Rather, the nVidia graphics has served you well, the Atom was simply along
for the ride.  Should you need extra power for any reason, you won't have
it.

> Who is building an i3 based machine with a passively cooled nvidia card
> in a "set top box" format like the acer revo?

The Acer Revo is not fanless.  It has a tiny blower fan that if right next
to you rather than hidden behind a noisy tv, would be very audible. What
Tim was suggesting was an i3, and that's it.
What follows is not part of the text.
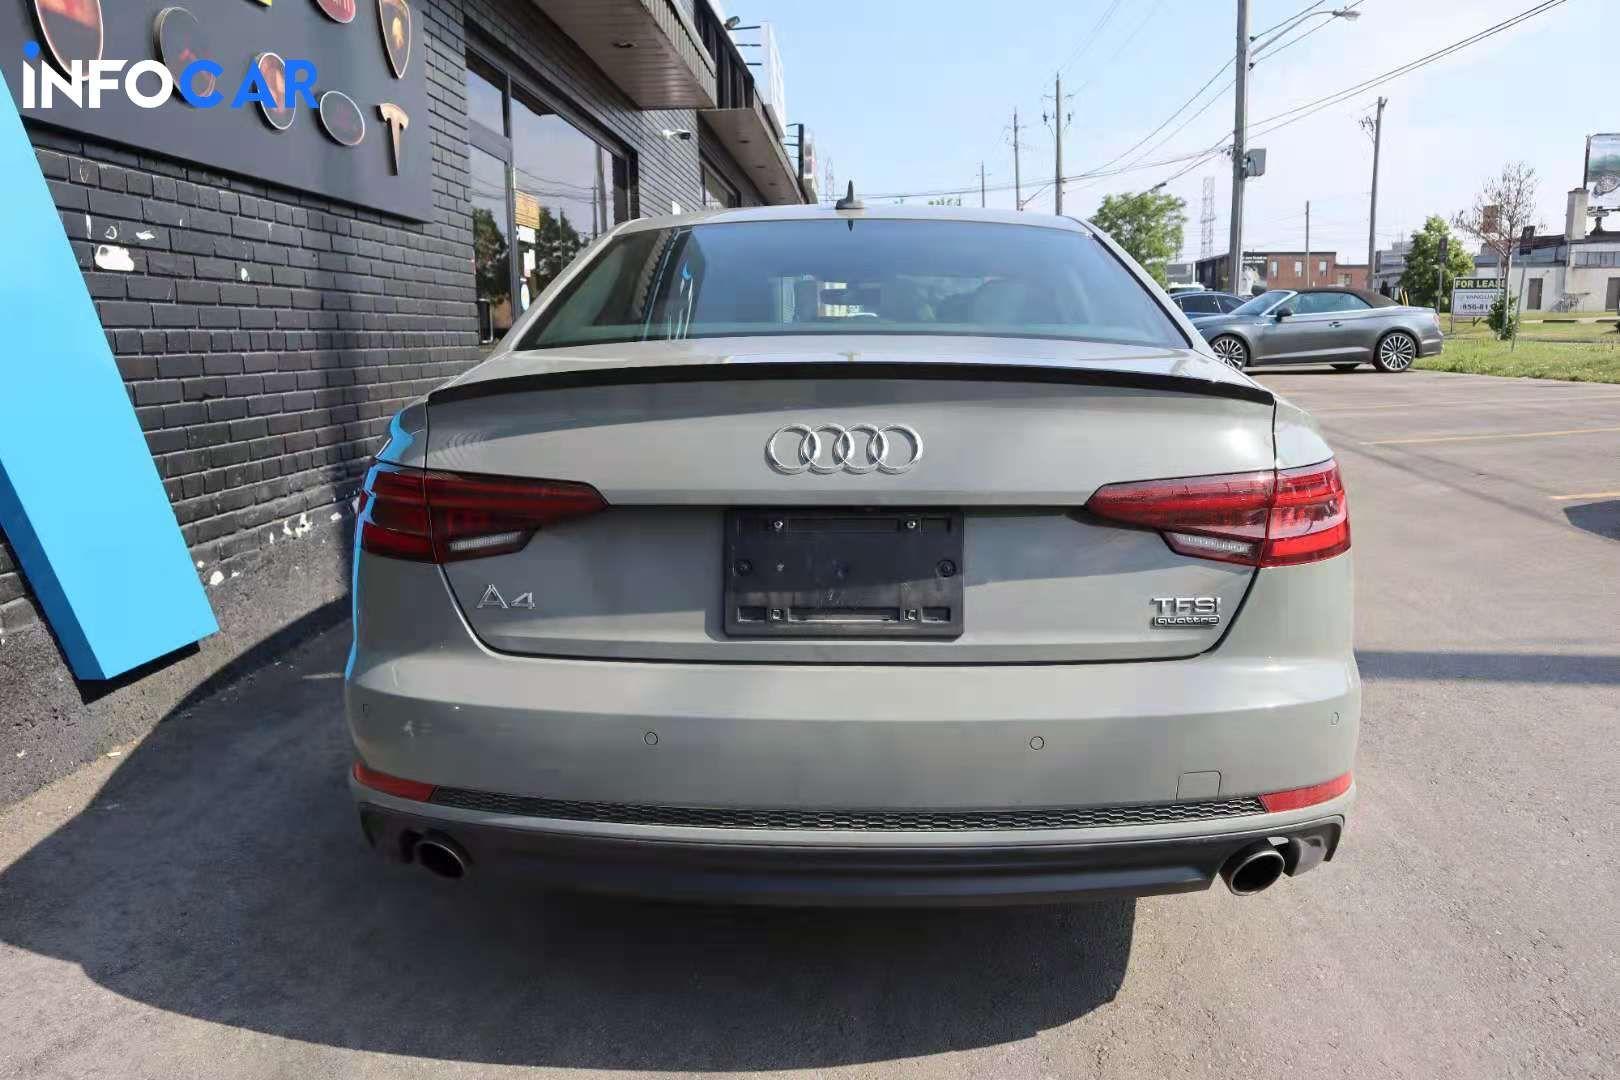 2018 Audi A4 prgressive - INFOCAR - Toronto's Most Comprehensive New and Used Auto Trading Platform
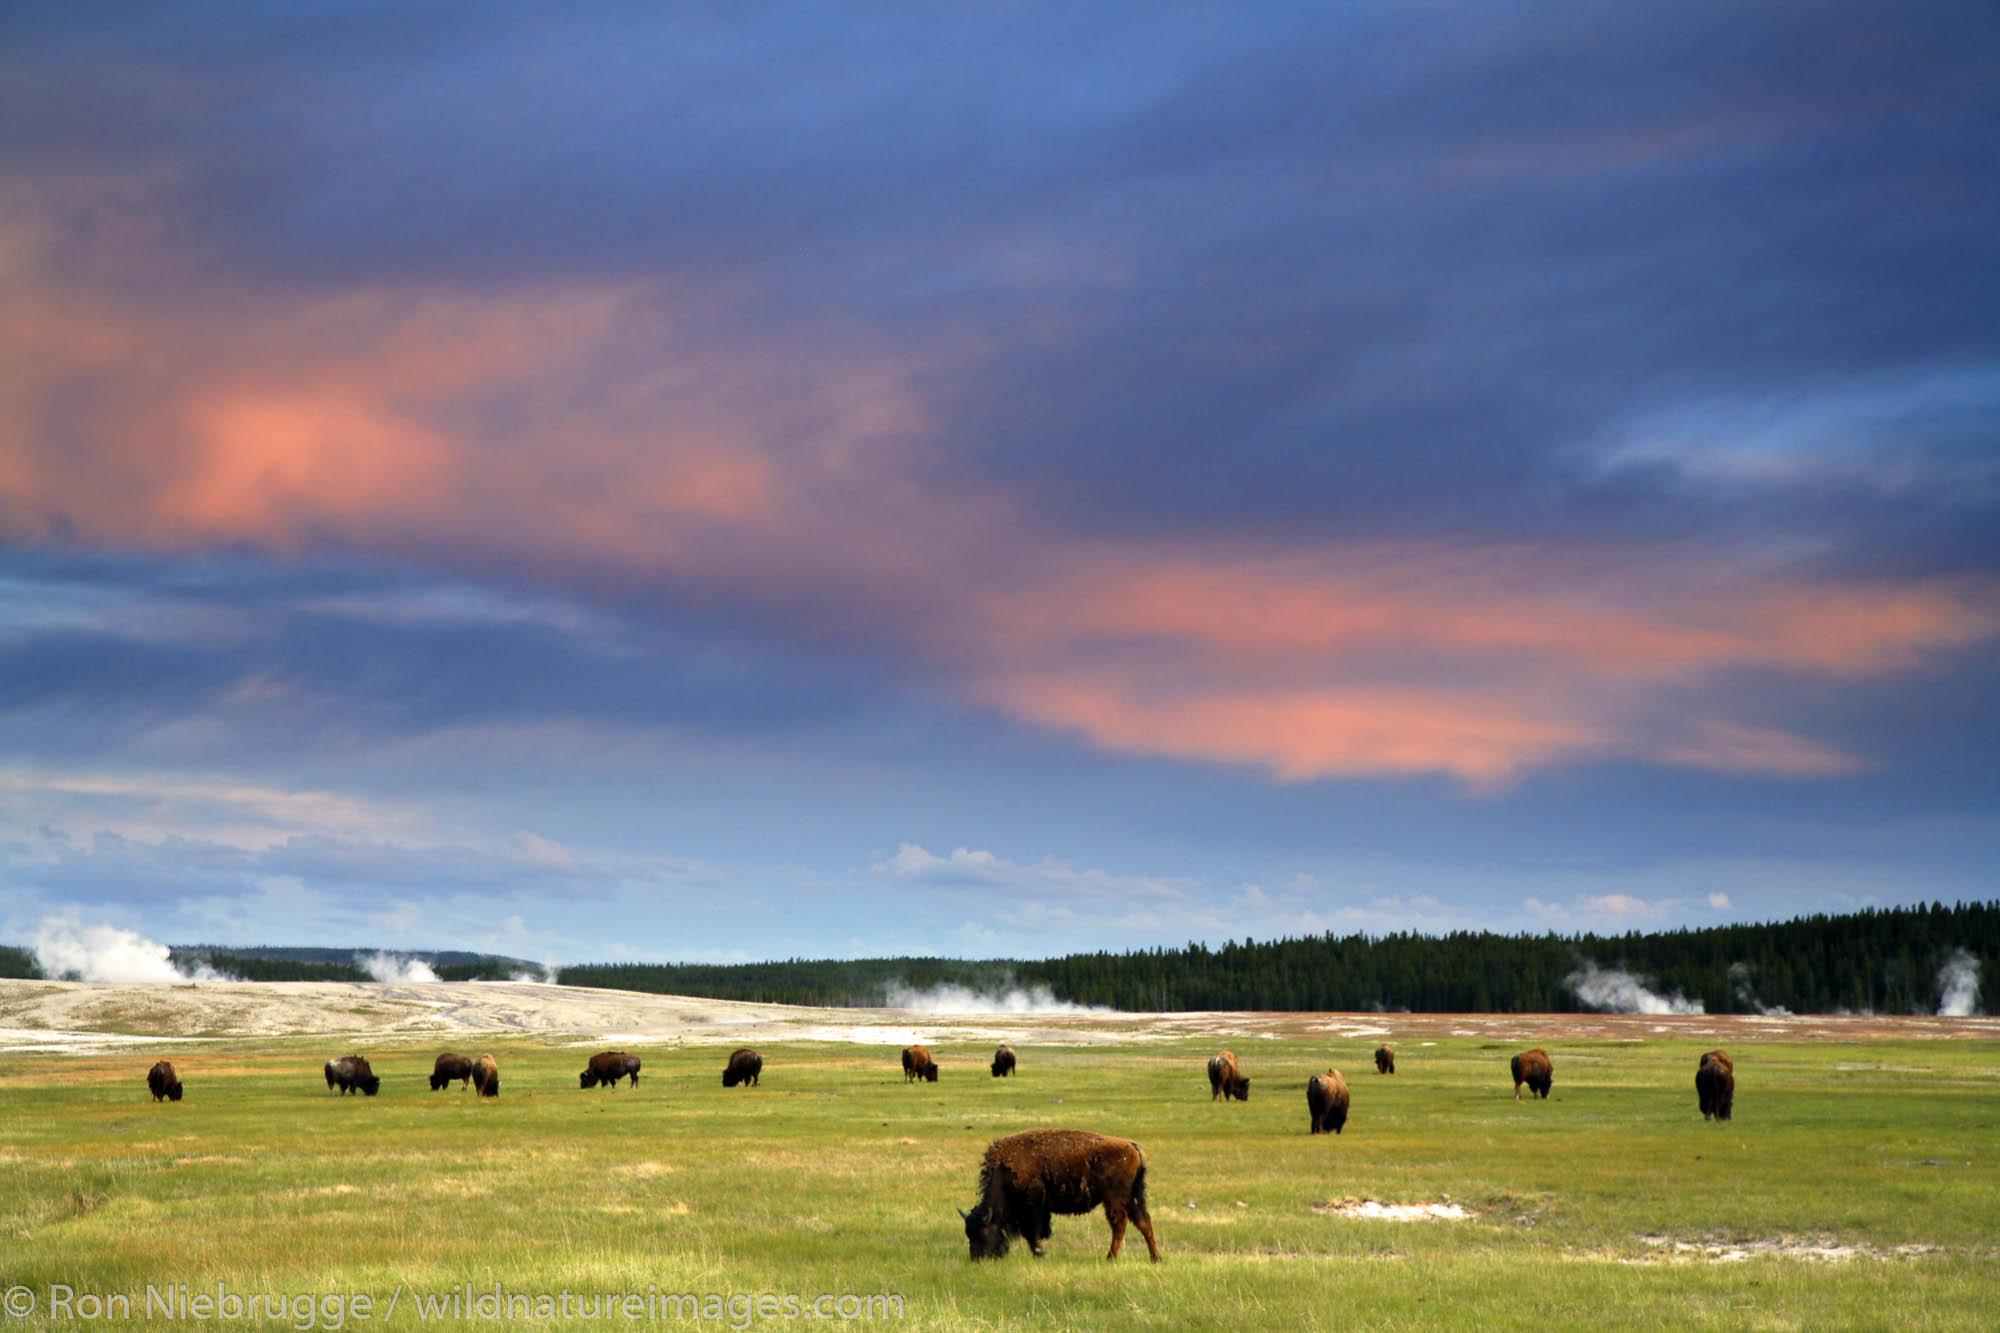 Buffalo at sunset, Midway Geyser Basin, Yellowstone National Park, Wyoming.

A Pentium branded Sandy Bridge
chip (missing hyperthreading) can be had for under $100.  A Mini-ITX board
is around $75, and another $15 for 2GB of DDR3.  You use the integrated
graphics on the Intel chip, and the whole thing would be well under $200. 
An M350 case, PicoPSU, and power brick will be another $100.

So what do you lose going with Intel graphics.  OpenGL performance is
every bit as good as that on the ION and ION2 systems, and plenty for
MythTV's OpenGL renderer and painter.  You lose the high quality scaler
that comes with later nVidia cards, but most people don't even bother to
enable that in the playback settings.  You lose VDPAU, but VAAPI will be
supported in 0.25.  Some people swear by the nVidia deinterlacers, however
those don't require special hardware.  They simply run in shader code,
built into the VDPAU drivers.  Nothing is preventing anyone from writing
new deinterlace methods into Myth's OpenGL renderer.